I mentioned above that testing will take place in VirtualBox VMs. This is because I’m building most of these configs and testing them at home, and I don’t have spare servers or a VMWare stack laying around. I’ll be doing all of the work on an Asus ZenBook running an Intel Core i7-1165G7 CPU and 16GB of RAM with a 1TB SSD. Not a wimpy computer, but certainly not a powerhouse either. Because of my resource constraints on this laptop, I’ll limit myself to 4 concurrently active VMs, and may have to adjust the roles of different VMs for testing different aspects of the system. I only have one ISP at home, at that is AT&T Gigabit Fiber (which, despite a prior dislike for AT&T due to past issues, I’ve rather liked the quality of this service). I’ll be using copious amounts of NAT for IPv4. For IPv6, I’m having AT&T turn on prefix delegation (which is included with the service, but not active by default). AT&T delegates up-to a /60, but only half of that is usable (some people say you really get a /61, but if that were true then you’d have one fewer subnets than you really get).

I won’t be attempting to use the USB drives for the final bare metal servers while I’m experimenting in VMs. There are some Windows security issues involved with that (like having to always run VirtualBox with elevated privileges to do it). Instead, I’ll mimic the USB drives with VDI images in VirtualBox. The VDI file will be fairly small, and the VDI can be made into an image that can be written verbatim to a USB drive when the testing phase ends. Rather than providing the actual VDI or disk image here (which would be much larger than actually necessary), I’ll provide step by step instructions for creating them.

ISOs and USB disk images will be written with balenaEtcher.

I edit my files in either Notepad++ or vim (depending on the circumstances). But, it is VERY IMPORTANT to note that the files we are working with in this project are VERY SENSITIVE to having *nix end-of-line characters. Notepad++ can be configured to use the right character codes, and can correct your files.
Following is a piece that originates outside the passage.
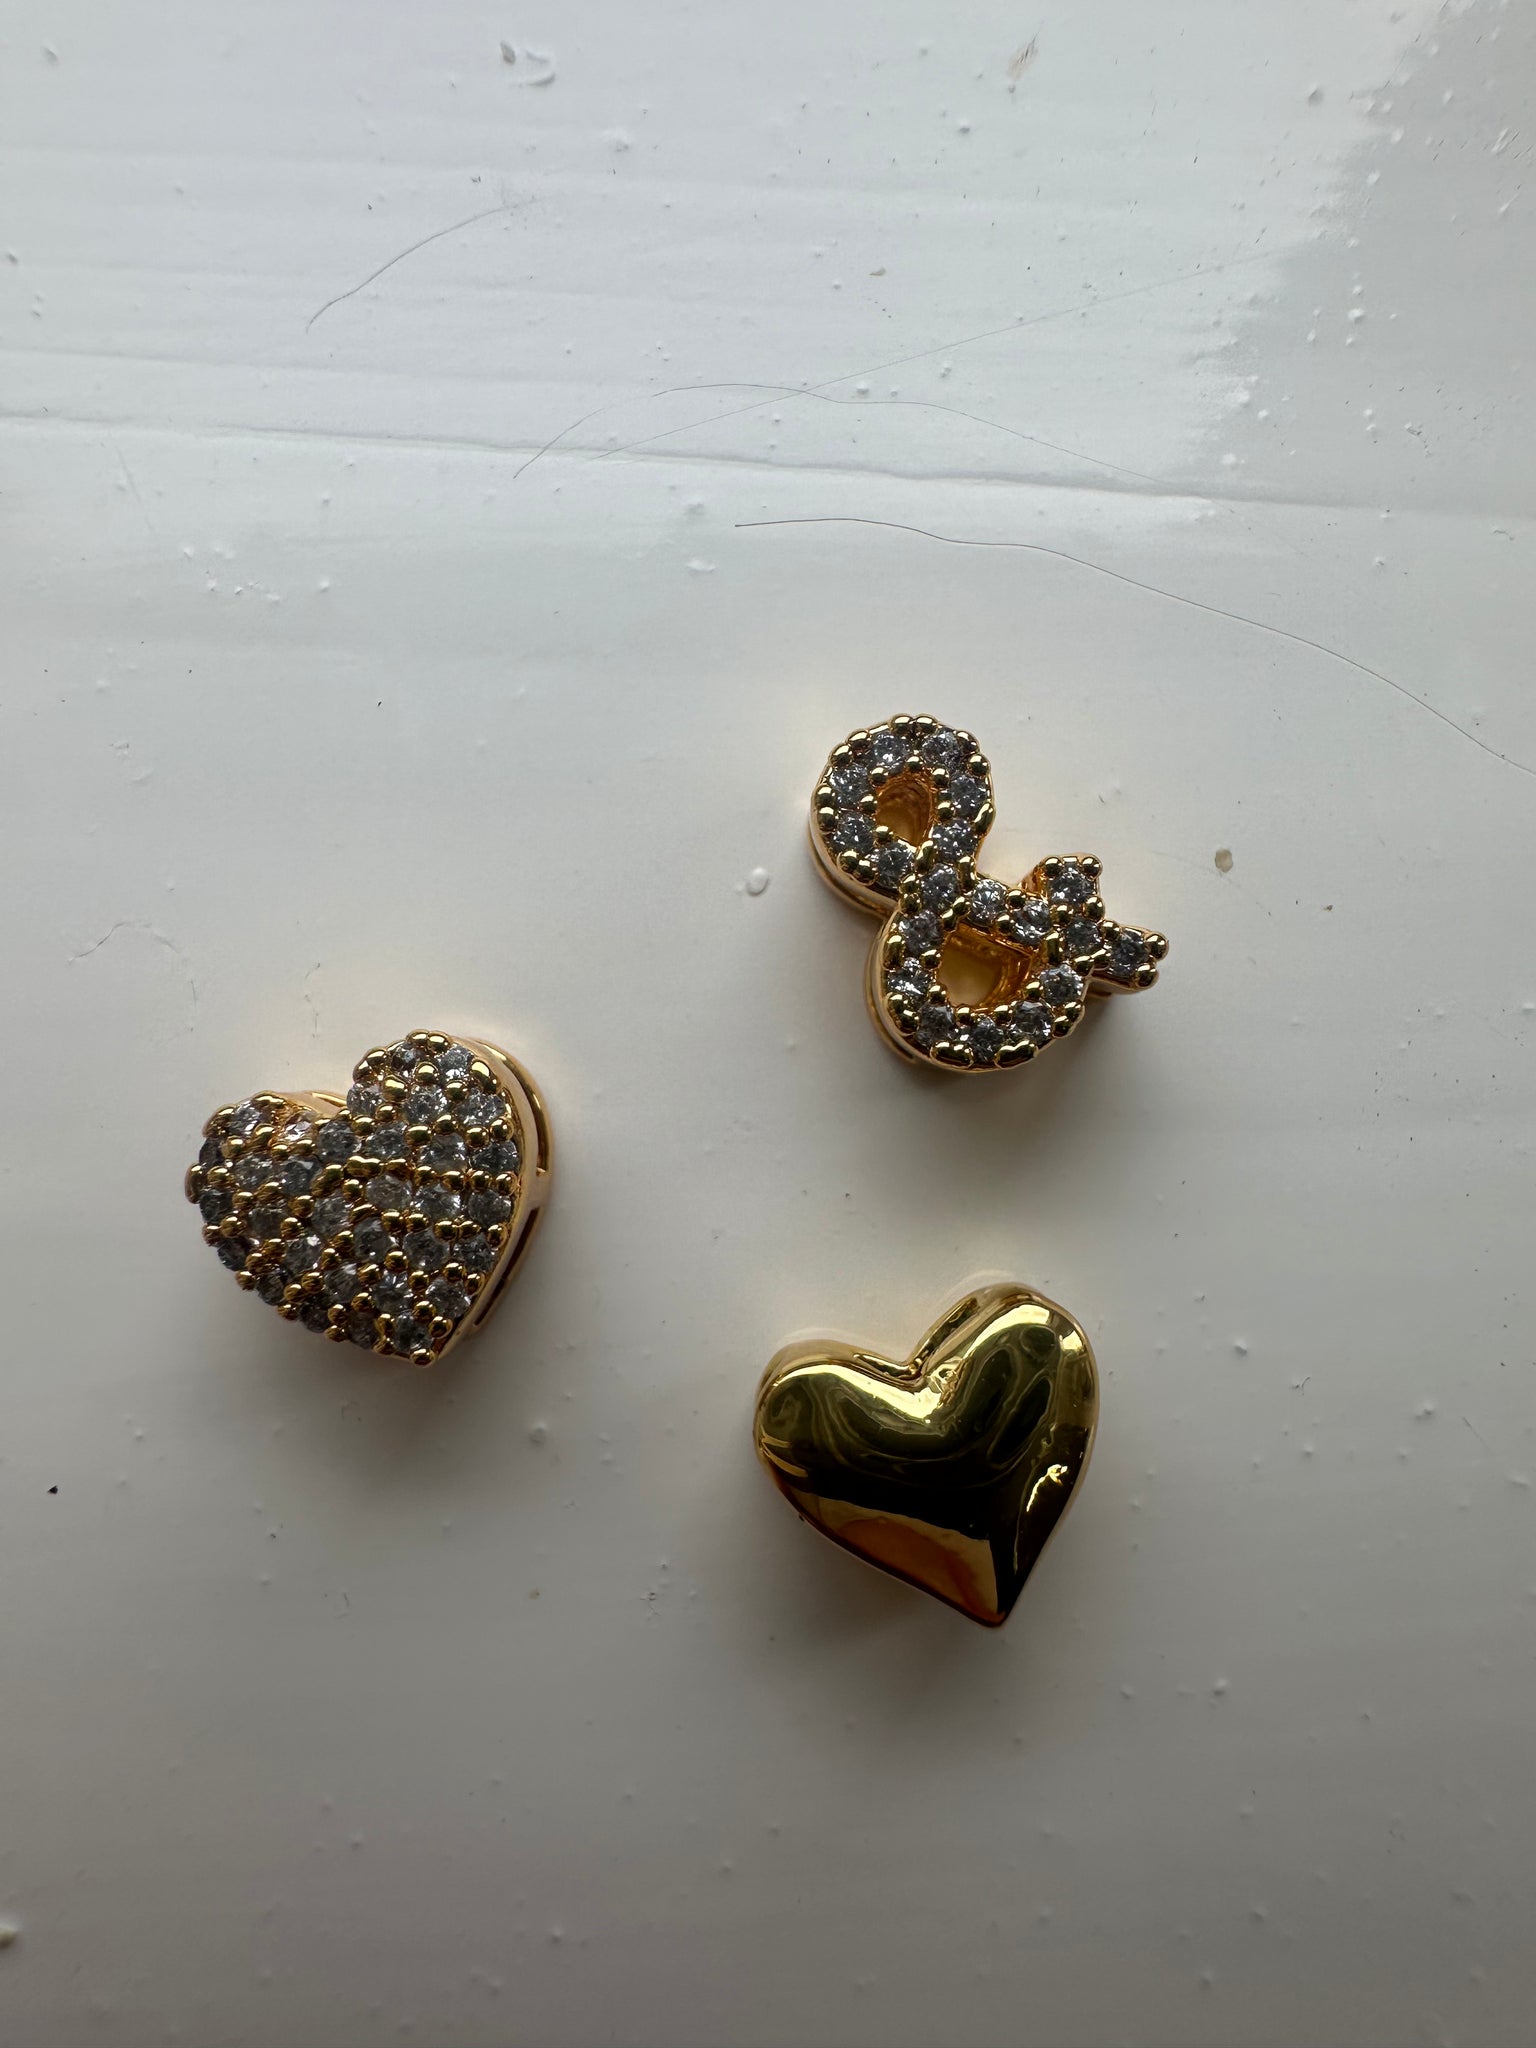 Mini Double Bubble Necklace with diamanté heart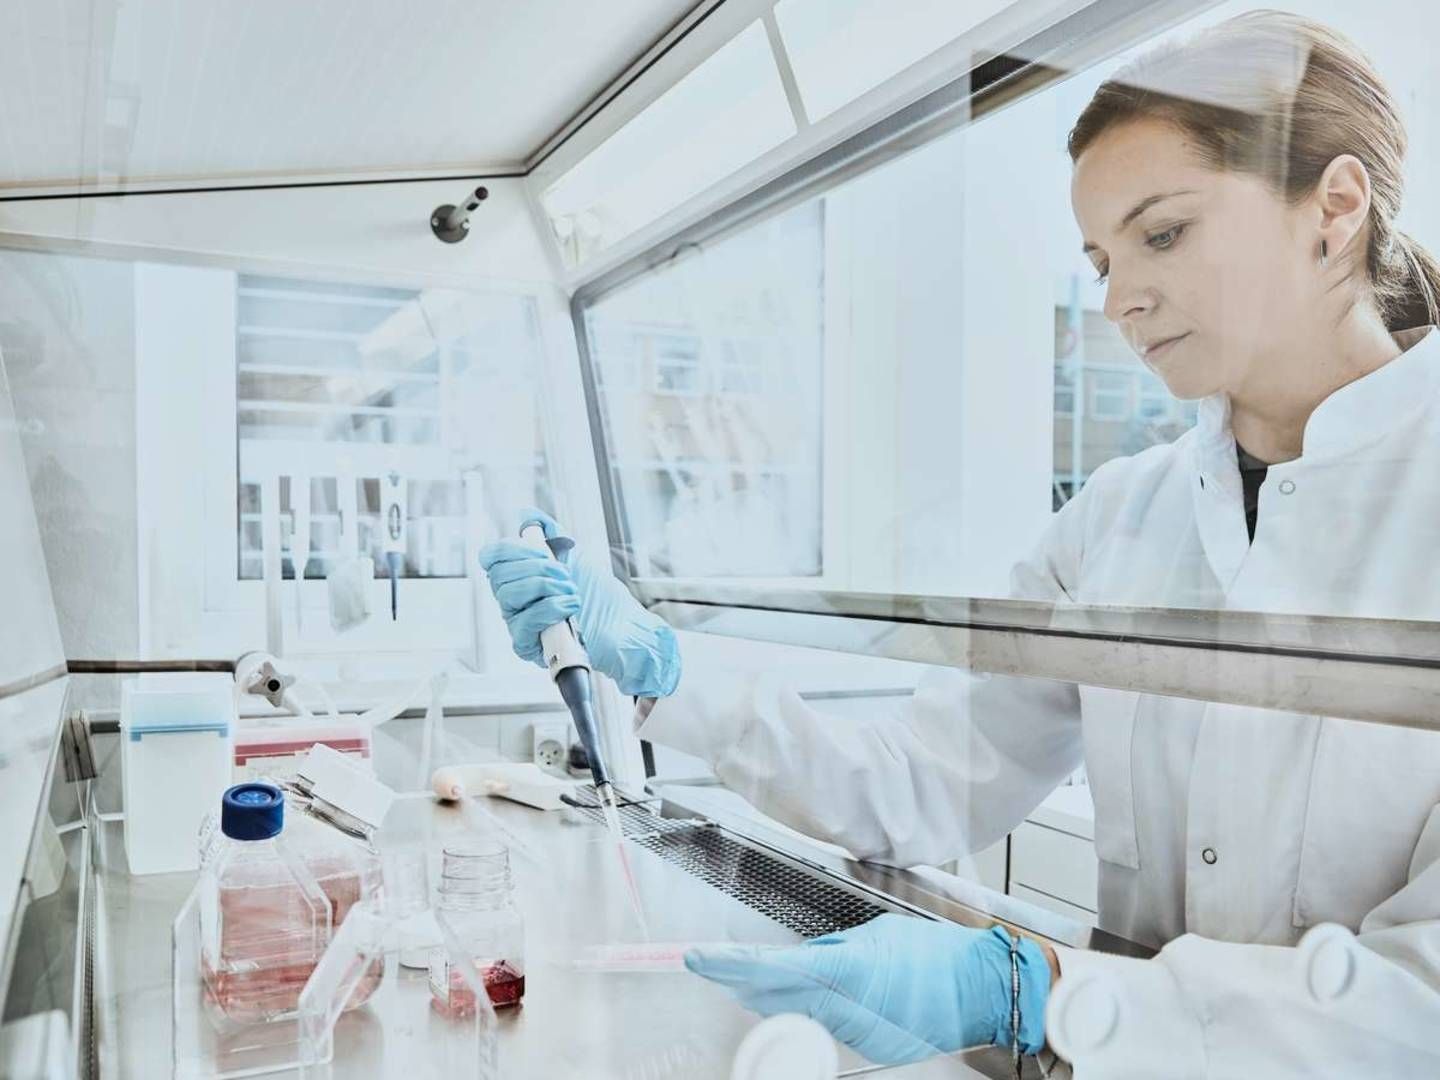 Biotekselskabet Zealand Pharma har fået positive fase 3-data med sin lægemiddelkandidat glepaglutid til behandling af korttarmssyndrom. | Foto: Zealand Pharma / PR

The vim editor will use *nix EOL characters by default, and it can correct bad codes with some advanced features, but the sed command is the usual fix if you end up needing to fix a file from a shell prompt. If you are unfamiliar with whitespace characters, you need to be aware that you will NOT be able to see the difference between the files when viewing them in any normal editor. Even Notepad++ doesn’t show them by default. Neither does vim. If you follow this guide and get weird errors, especially those with “^M” in the error, this is probably what is causing your problems.

More to come as the project progresses.